That's not that serious a category of concern. Environment variables
are not under control of untrusted agents. FWIW, $DEBUGINFOD_CACHE is
considerably more dangerous in that regard (cache cleaning!).
> I rather it would just use stderr always when set since it is only
> meant as a human debugging device.
That default makes sense. Making it configurable gives a way for a
larger app to still capture output (by having the client direct it to
a pipe file descriptor or something), but I'll just hardcode for now
STDERR_FILENO if the env var is set.
> > Some larger usage experience (systemtap/kernels) indicates
> > the default timeout is too short, so bumped it to 30s.

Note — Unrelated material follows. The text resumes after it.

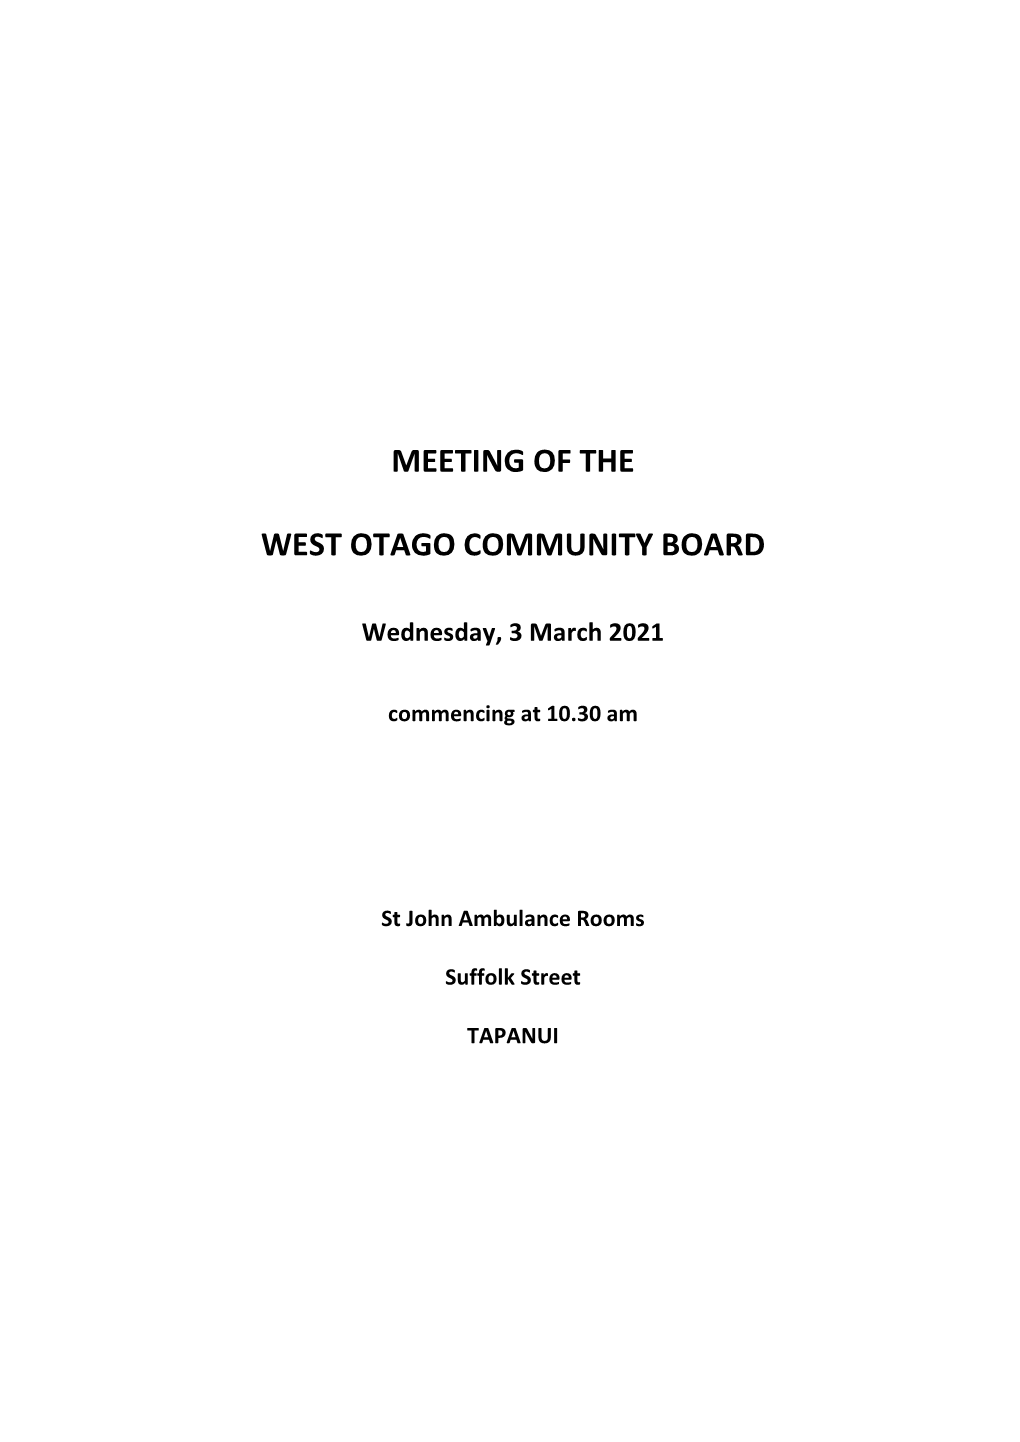 Meeting of the West Otago Community Board Will Be Held in the St John Ambulance Rooms, Suffolk Street, Tapanui on Wednesday, 3 March 2021, Commencing at 10.30 Am

> My first thought is that we might need two timeouts. The original 5s
> timeout is a good inactivity timeout [...] But for larger data we
> might want a timeout for the total download time, maybe 30 seconds
> is too low for that. Given how large kernel debuginfo is it might
> take several minutes.
OK, redrafting $DEBUGINFOD_TIMEOUT as a two-part variable:
$DEBUGINFOD_TIMEOUT=x,y
x - connection timeout, default 5
y - optional, overall timeout, default unlimited
> [...]
> This seems to mean that if there is an error then the progress function
> is never called, is that intended? Also for CURLM_CALL_MULTI_PERFORM we
> continue/skip the progress function.
If we have an error outcome, there is no more progress to report, so
that should be OK.
> > + close (fd); /* before the rmdir, otherwise it'll fail */
> > (void) rmdir (target_cache_dir); /* nop if not empty */
> > free(data);
> > - close (fd);
>
> This looks good. Just surprising. I assumed unlinking the file was
> enough.
Yeah, I had to see that for myself to believe it.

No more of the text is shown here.